I recommend that anyone starting out in DWARF begin with the Introduction to the DWARF Debugging Format. It's a very concise overview that provides an excellent foundation for exploring the format in further depth. Armed with this background, compile a debug version of a very simple program and compare a hex dump of the two ELF sections .debug_abbrev
and .debug_info
with the output of dwarfdump
or readelf
.
Once you are broadly familiar with the encoding of a DIE you will see that simply deleting its corresponding bytes from .debug_info
would corrupt the entire file — in terms of both DWARF and ELF. For example, each DIE is identified by its relative file offset; deleting one DIE's bytes would alter the offsets of all subsequent DIEs and any references to them would therefore be broken. A robust solution would require parsing the DWARF to create an internal representation of the tree before eliminating unwanted nodes and writing out new DWARF. After modifying .debug_info
you'd then need to edit the fabric of the ELF itself: at the very least, this would involve updating the section header table to reflect the new offsets for any shifted sections and updating any relocations.

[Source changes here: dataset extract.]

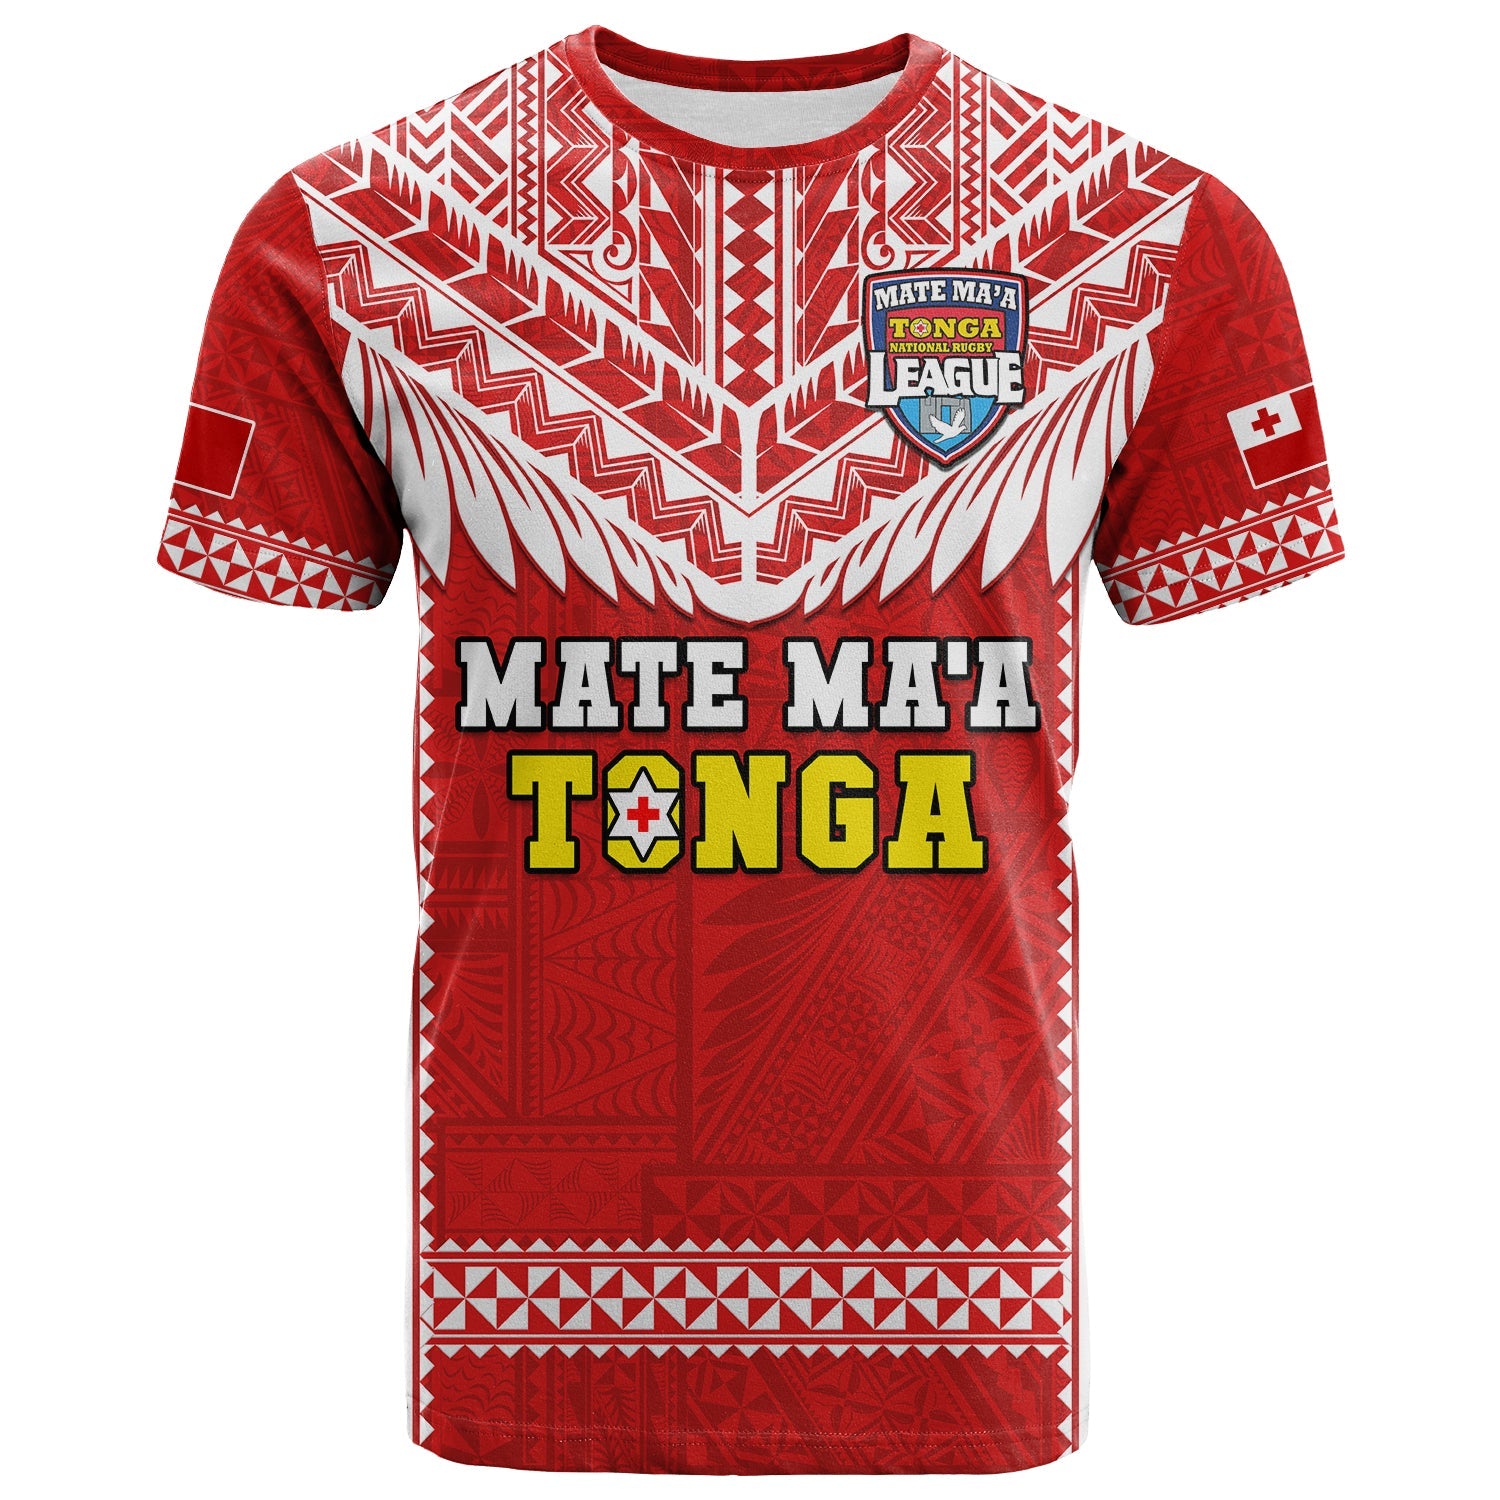 Tonga Rugby T Shirt Mate Maa Tonga Pacific Ngatu White LT14 Adult Red - Polynesian Pride

If your principal concern is indeed space saving then I suggest you instead investigate what compiler options you have. The Oracle Studio Compilers, for example, allow fine control over the content included in the DWARF. Depending on your compiler and OS it may also be possible to emit files with compressed DWARF sections (e.g. .zdebug_info
) or even leave the DWARF in different files altogether. The problem of DWARF bloat is well known and, if you are interested in tackling it at a low level yourself, you will find other suggestions in Michael Eager's introduction and in later versions of the standard.